7 Temmuz 2008 Pazartesi

Bugün avangart ustanın doğum günüydü


Marc Chagall resim eğitimi aldığım yıllar boyunca ve ardından hayran olduğum ve Moskova’ya yerleştikten sonra da çeşitli sergilerde orjinal eserlerini görmekten heyecanlandığım nadir ressamlardan birisidir. 97 yıllık hayatı içine pek çok güzelliği renk ve ışıkla birlikte alan bu avangart ressam bana “avangart resim” sanatını da sevdiren sanatçılar arasında ilk sıraya yerleşti. Moskova’ya yerleşinceye kadar Avangart’dan ziyade empresyonizme ilgi duyan ben buranın havasından mıdır, suyundan mıdır, Rusya’nın çok sayıda kaliteli avangart ressam yetiştirmiş olduğundan mıdır, ilgi alanımı bu resim akımına yönlendirdim, ister istemez...

İyi de etmişim doğrusu. Pek çok sayıda Rus avangard sanatçının yanında, Chagall’ın yeri her zmaan farklı olmuştur. Kullandığı renklerdeki canlılık ve parlaklık, kompozisyonlarındaki sıradışılık bana hep özgürlük hissi uayndırmıştır. Bir Rus olarak doğan fakat sonradan Fransız vatandaşlığına geçen ünlü ressamın kısaca hayat hikayesi ise şöyle;

1887 yılının Temmuz ayında Belarus’un Vitebsk şehrinde doğan bu yetenikli dahi, yahudi bir ailenin çocuğudur. 1906 yılından itibaren resim eğitimine başlayan Chagall, 1910 yılına kadar St.Petersburg’da, 1910 yılından itibaren de 1014 yılına kadar Paris’de yaşar ve bir yandan da eğitimine devam eder. ancak 1914 yılında doğduğu şehre geri dönen Chagall bir yıl sonra pek çok resmine konu olan Bella Rosenfeld ile evlenir. Çiftin İda adında bir de kızları olur ve ressam 1917 Rus ihtilalinde devrimcileri destekler.
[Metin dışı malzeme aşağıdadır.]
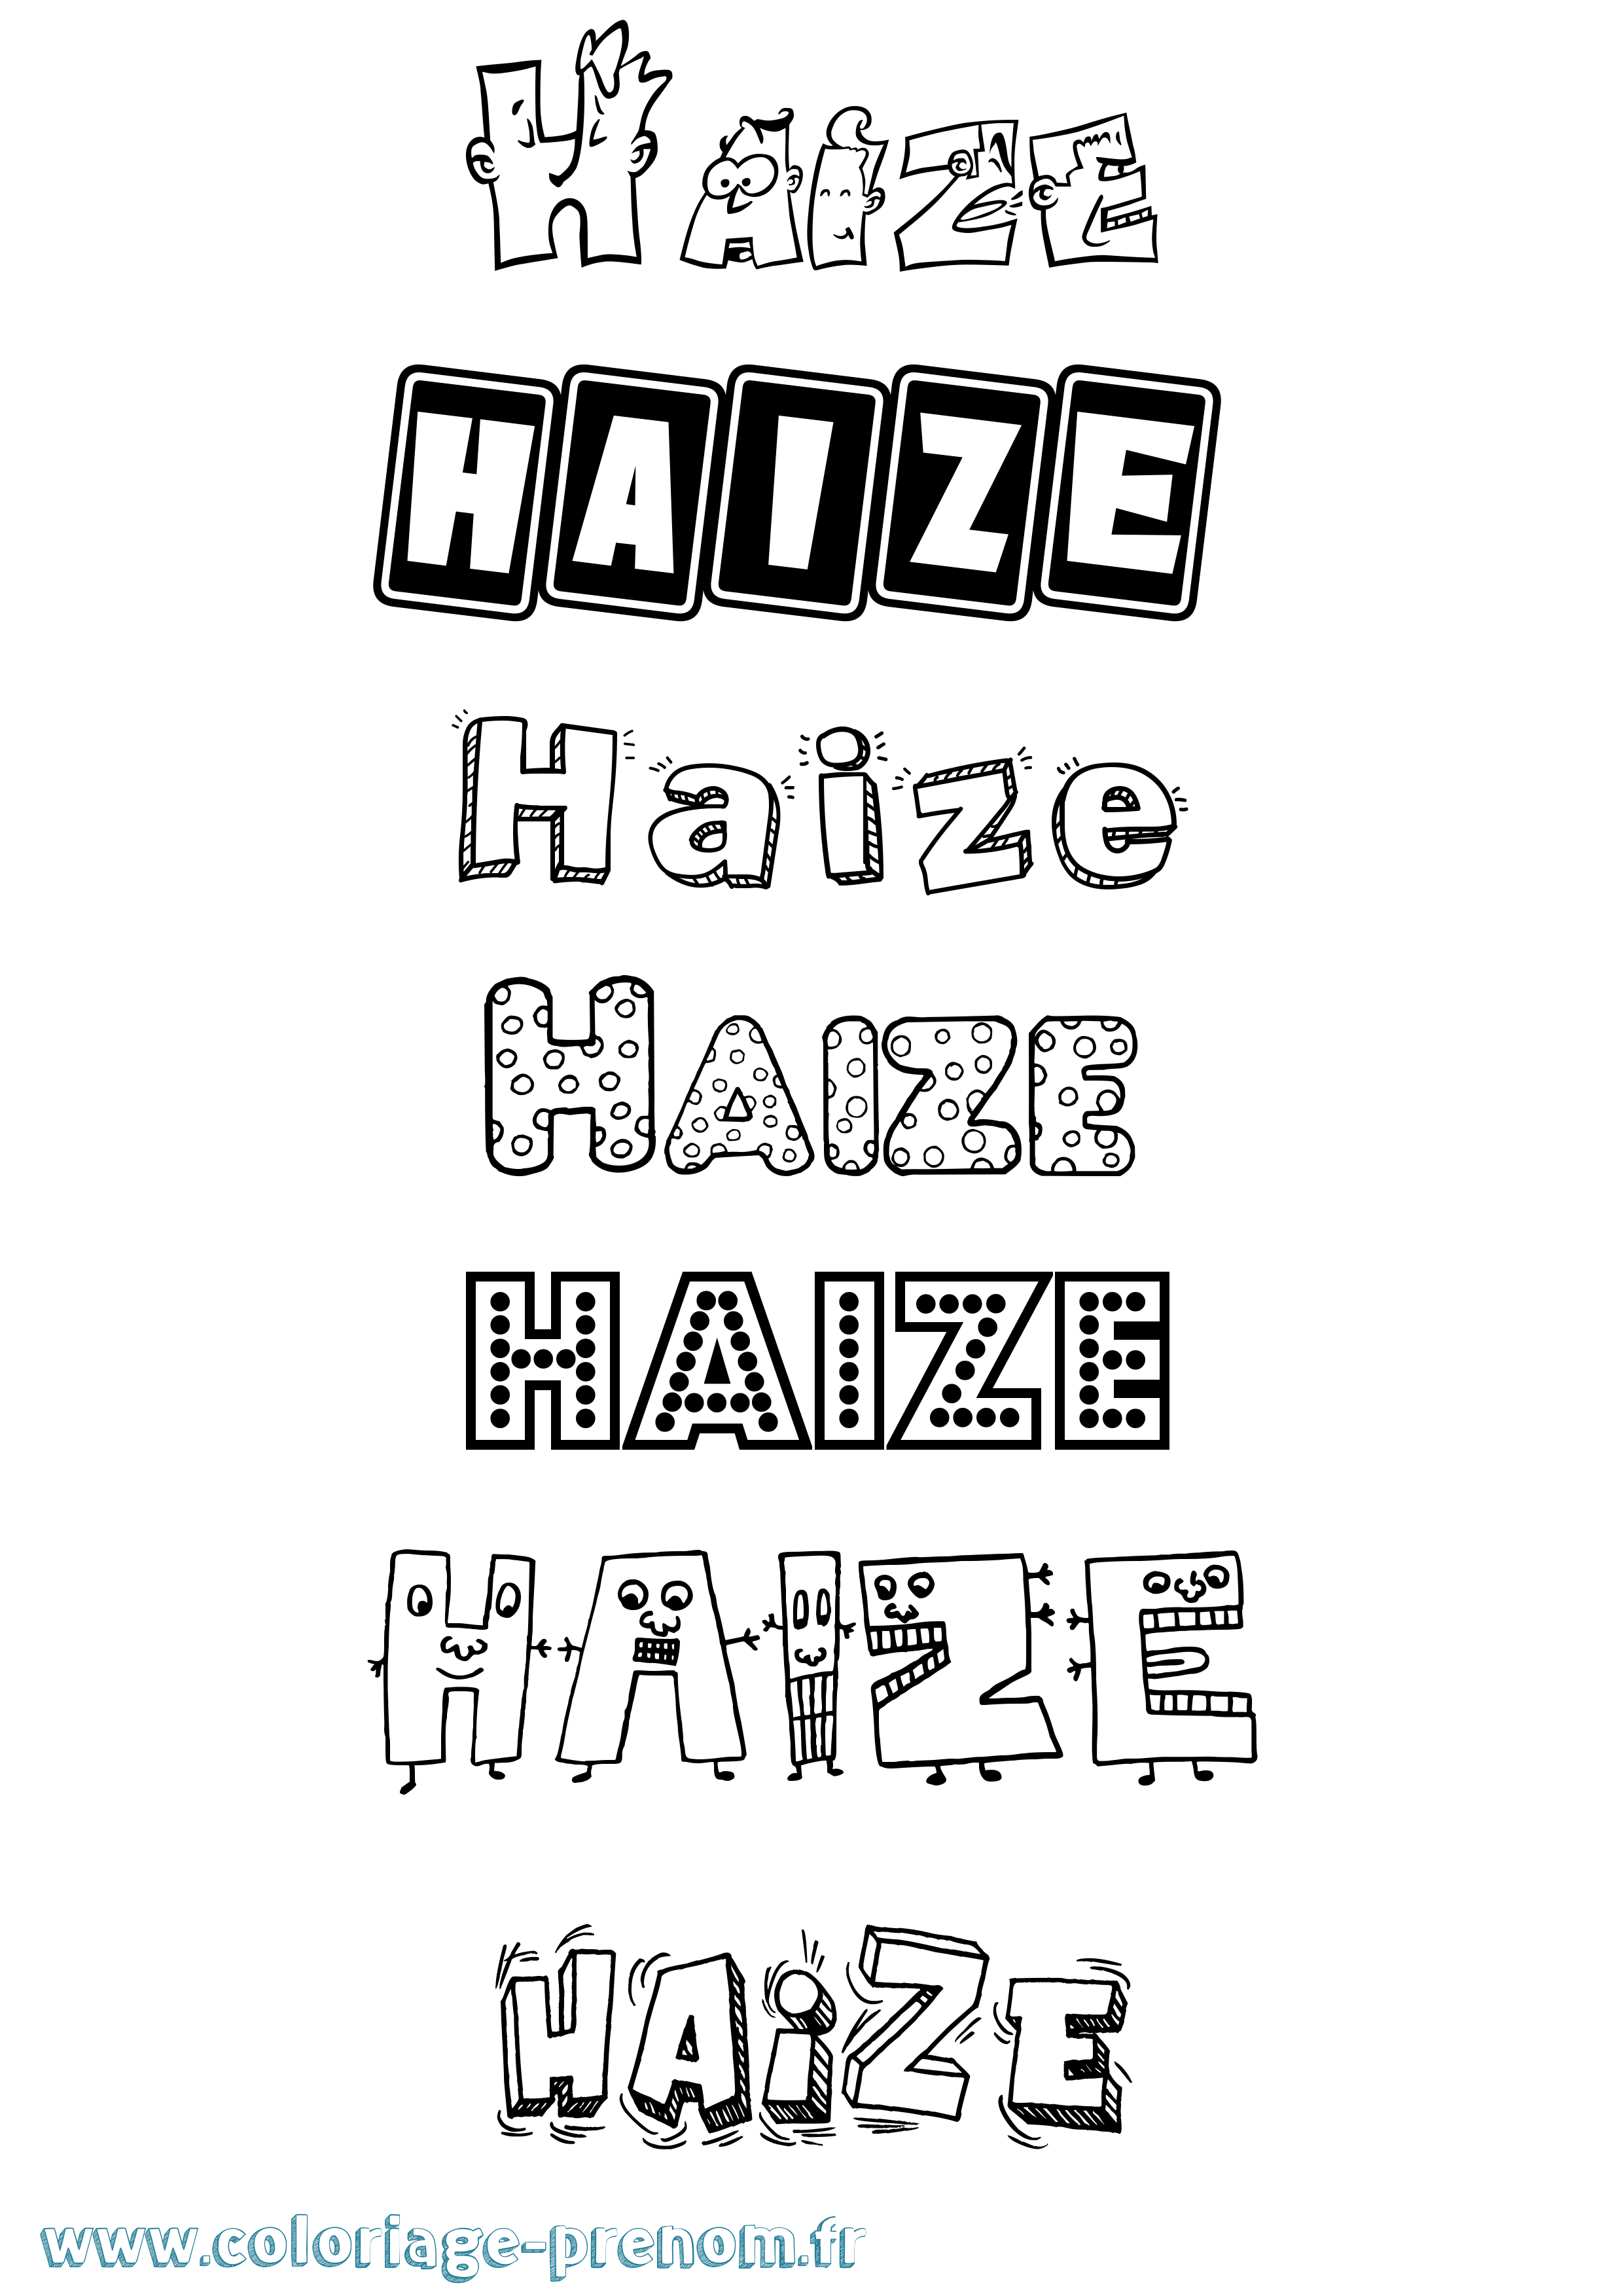 Coloriage prénom Haize Fun

Ancak büyük bir heyecanla desteklediği Sovyet rejimi ressamın hoşuna gitmez, 1923 yılında yeniden Paris’in yolunu tutar, 1937 yılında ise Fransız vatandaşlığına geçer.

2. Dünya Savaşı başlayınca Nazilerden kaçan ünlü ressam bu defa da ABD yollarına düşer. 1944 yılında sevgili eşi ölür ve Chagall 1946’da savaşın ardından Avrupa’ya geri döner. 1952 yılında yeniden evlenen ressam 1985 yılında, 97 yaşında Fransa’da hayata gözlerini kapar.

Avangart bir sanat anlayışını benimseyen Marc Chagall’ın aslında eserlerini kesin çizgilerle bir akım altında sınıflandırmak çok da doğru olmaz. Fovizm ve Kübizm karışımı olarak nitelendirmek çok da yanlış olmaz sanırım. Eserlerinde ilk eşi ve Yahudi dininin temalarına sıkça rastlanır. Sadece resimleri değil, vitrayları da dünyanın çeşitli şehirlerinde sanatseverlerle paylaşılmaktadır. Sanatçının doğduğu şehir Vitebsk ve Fransa’nın Nice şehrinde Chagall’ın adını taşıyan birer müze bulunmaktadır.